ACTION ITEM
Repeat exactly what runs from the line with "ANNUAL REPORT 2019 DELFI" through the last line of the material, and keep the pictures out of it.

THE DATA

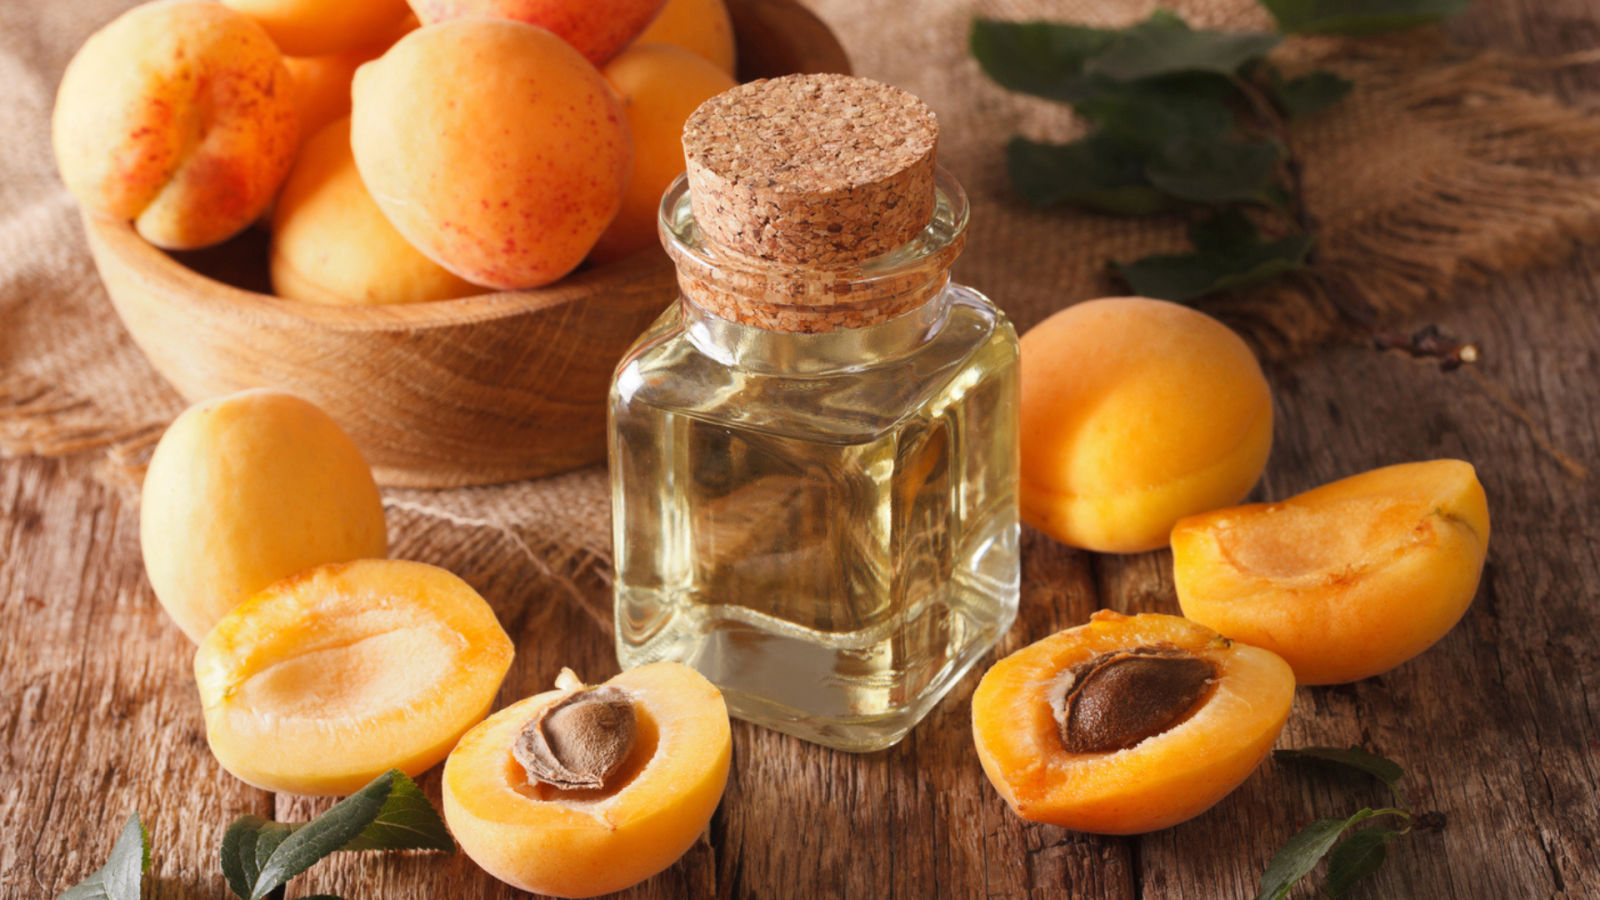 Benefits of Apricot Oil as a Moisturizer: 1. Hydrates and softens the
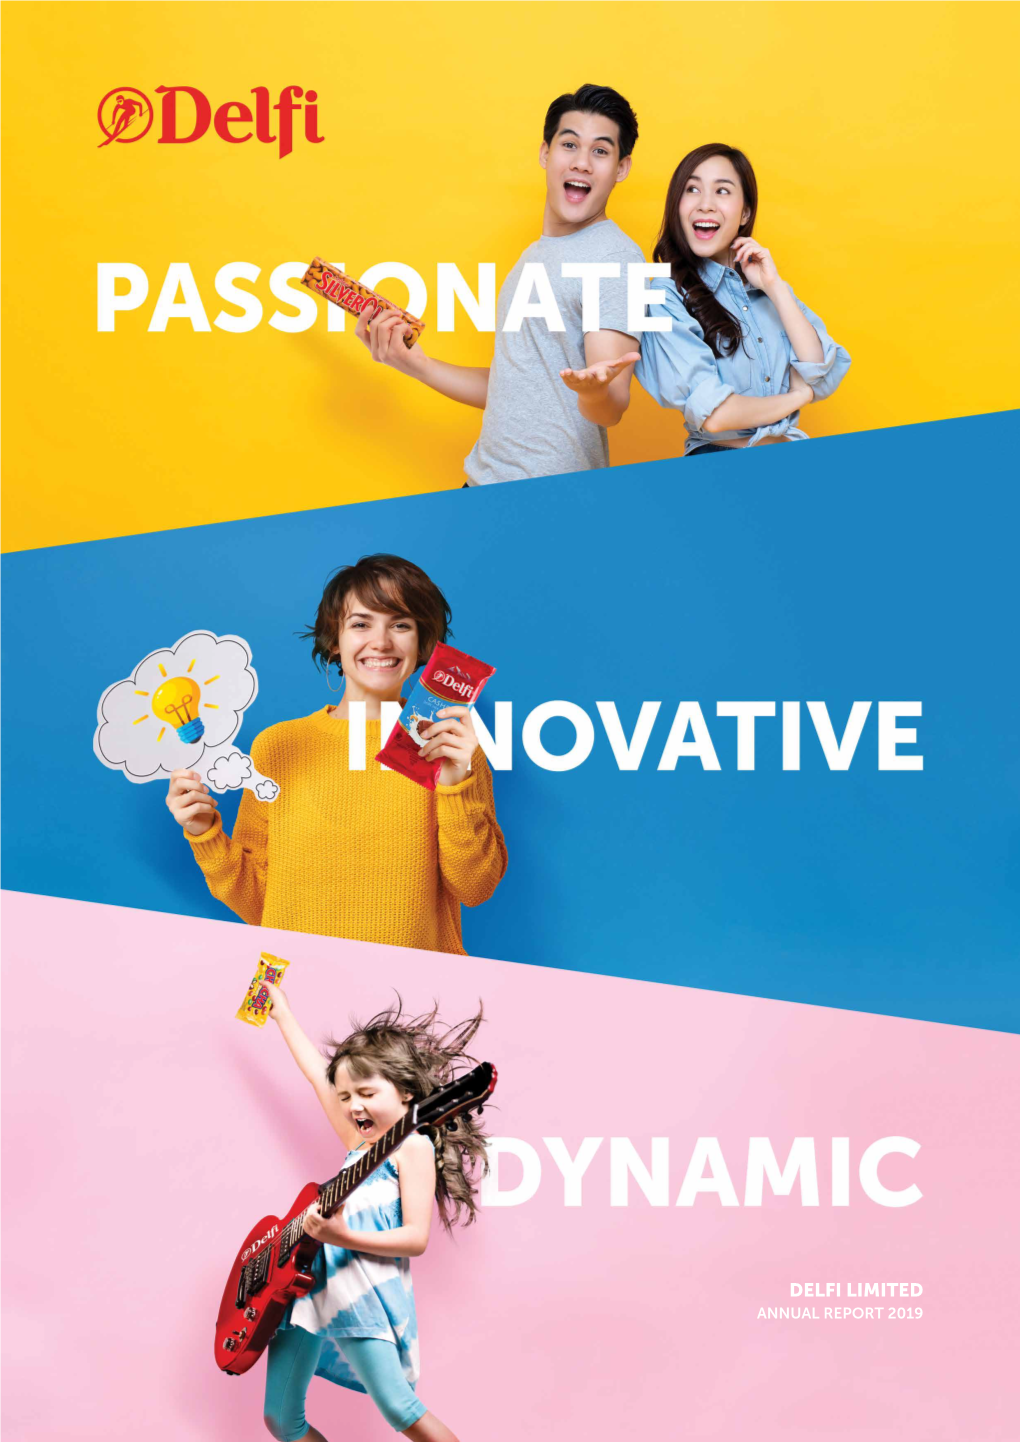 ANNUAL REPORT 2019 DELFI LIMITED ANNUAL REPORT 2019 Passionate, Innovative, Dynamic – These Qualities Define the Delfi Spirit
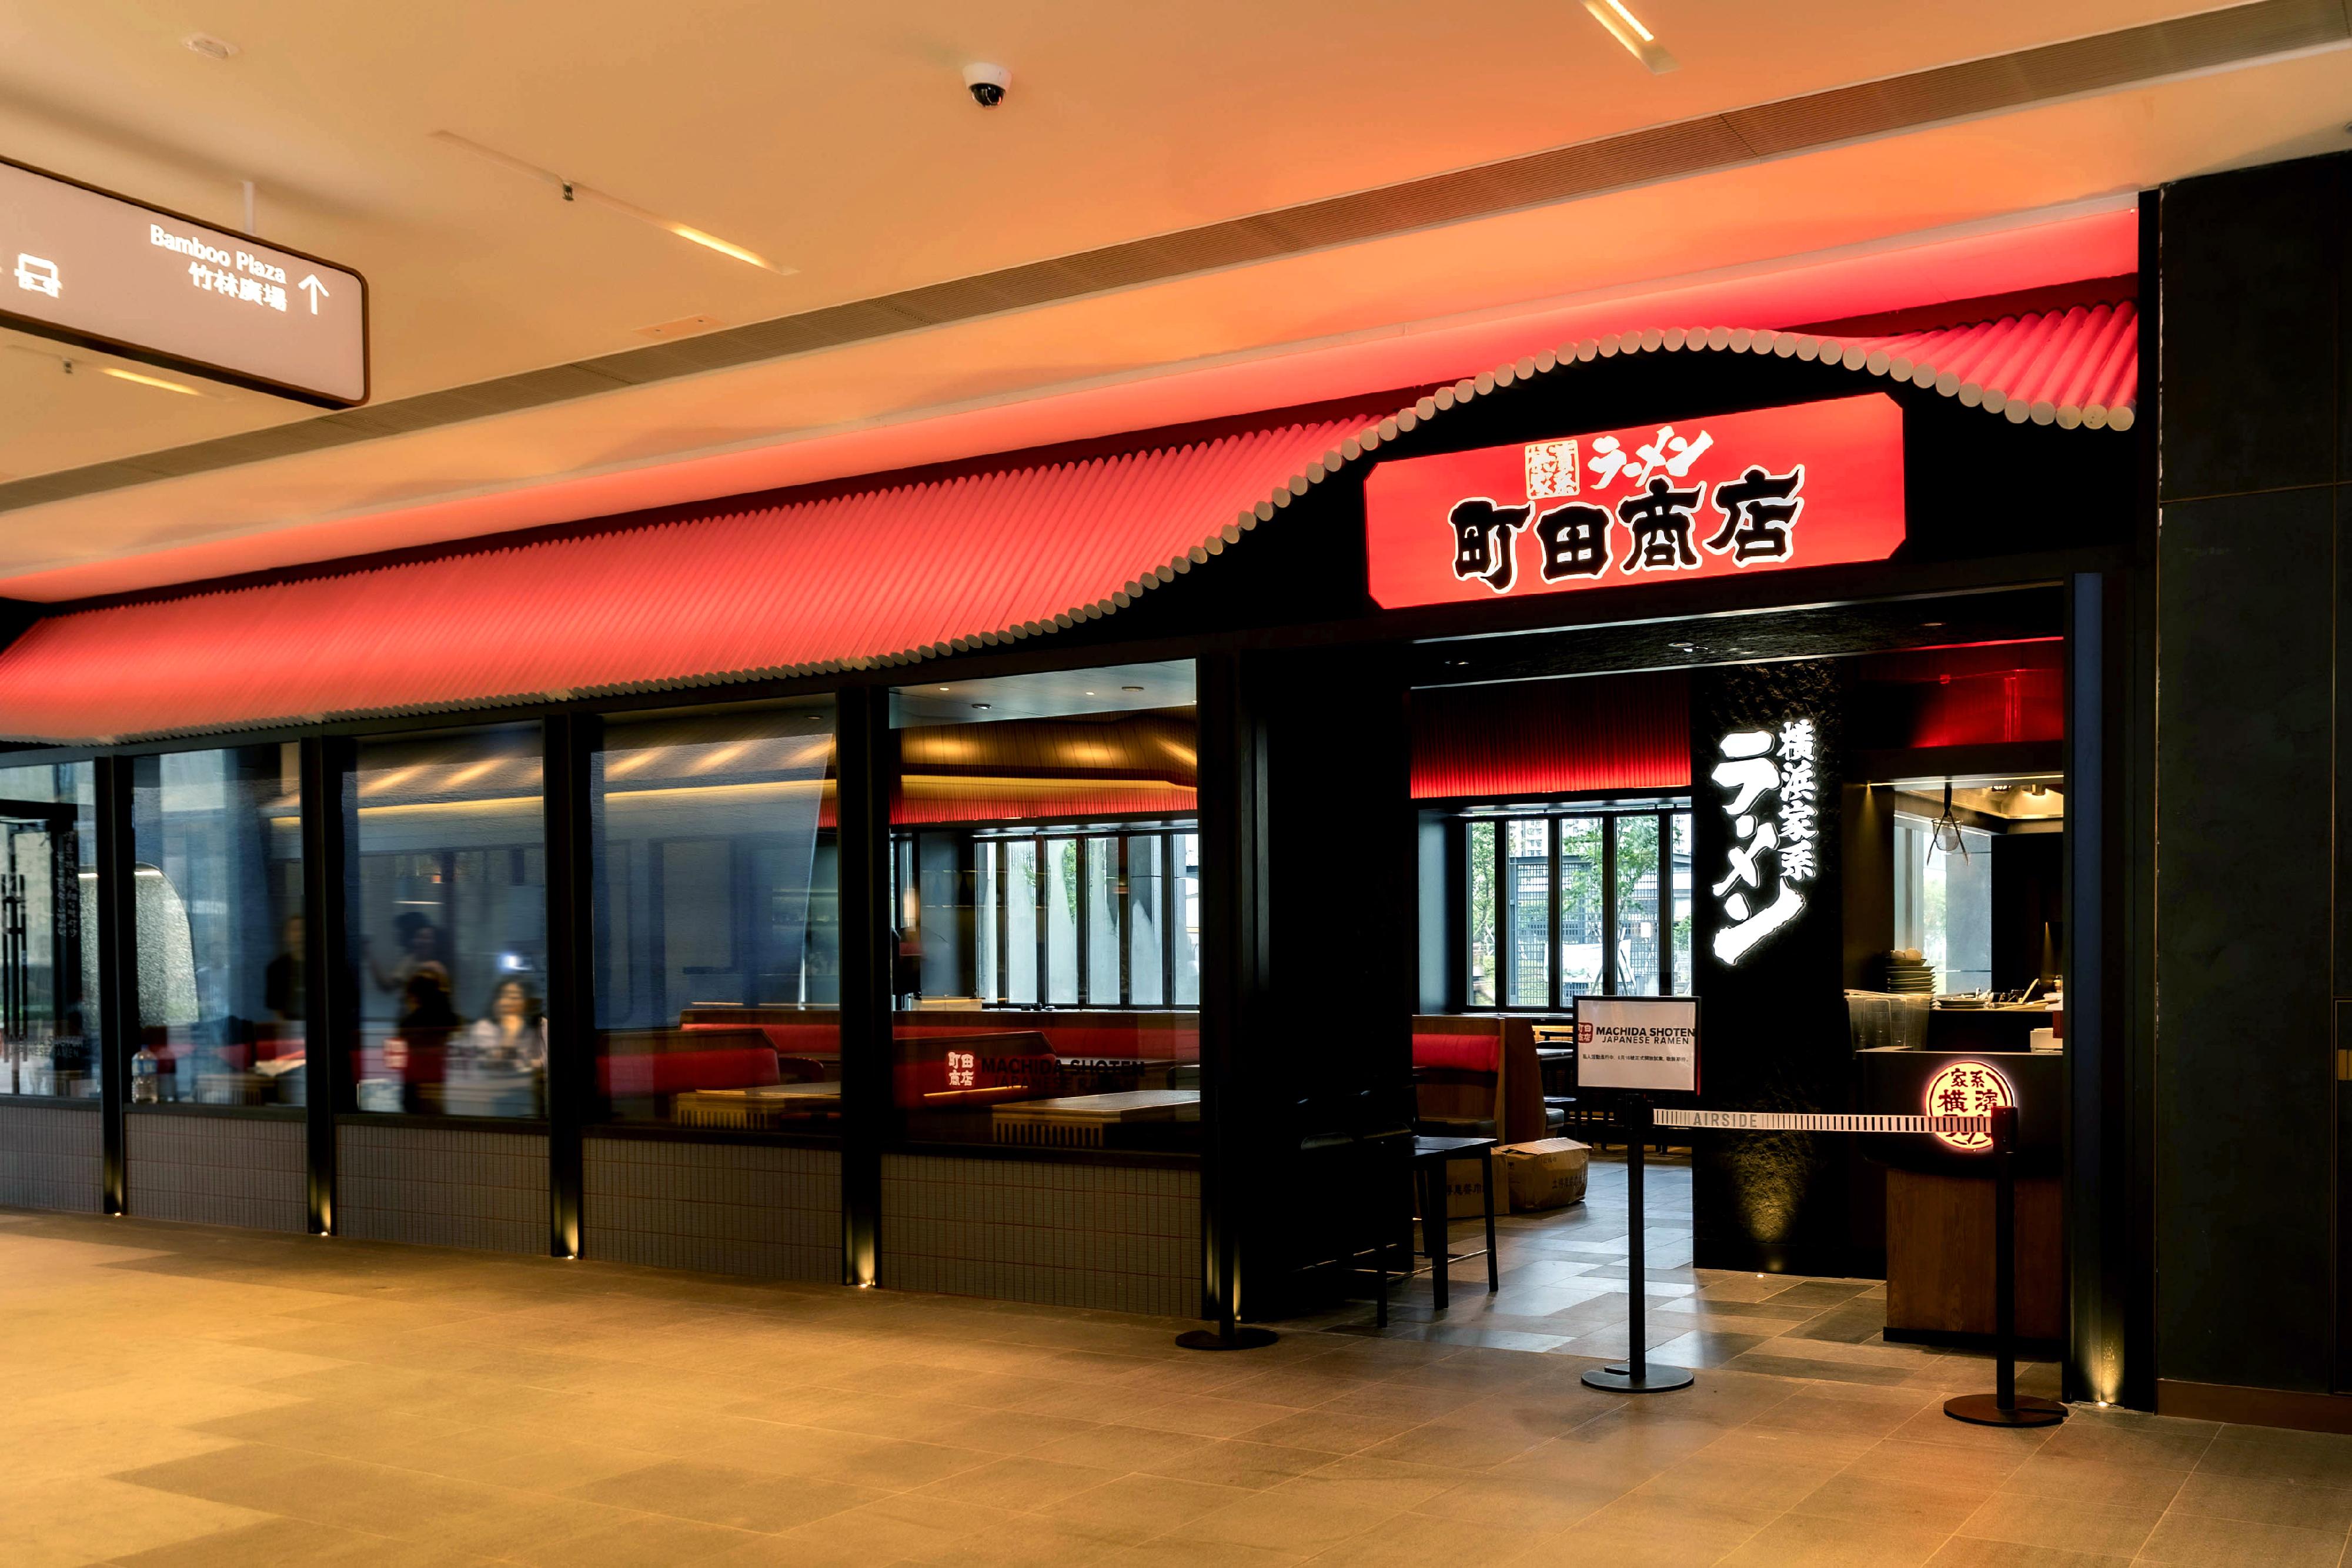 Invest Hong Kong (InvestHK) announced that Gift Holdings Inc from Japan opened its first “Machida Shoten” ramen store in Hong Kong today (June 27), bringing authentic Yokohama style ramen to the city. Photo shows its first store in Airside, Kai Tak.

SOLUTION FOR THIS EXERCISE
 ANNUAL REPORT 2019 DELFI LIMITED ANNUAL REPORT 2019 Passionate, Innovative, Dynamic – These Qualities Define the Delfi Spirit
 Invest Hong Kong (InvestHK) announced that Gift Holdings Inc from Japan opened its first “Machida Shoten” ramen store in Hong Kong today (June 27), bringing authentic Yokohama style ramen to the city. Photo shows its first store in Airside, Kai Tak.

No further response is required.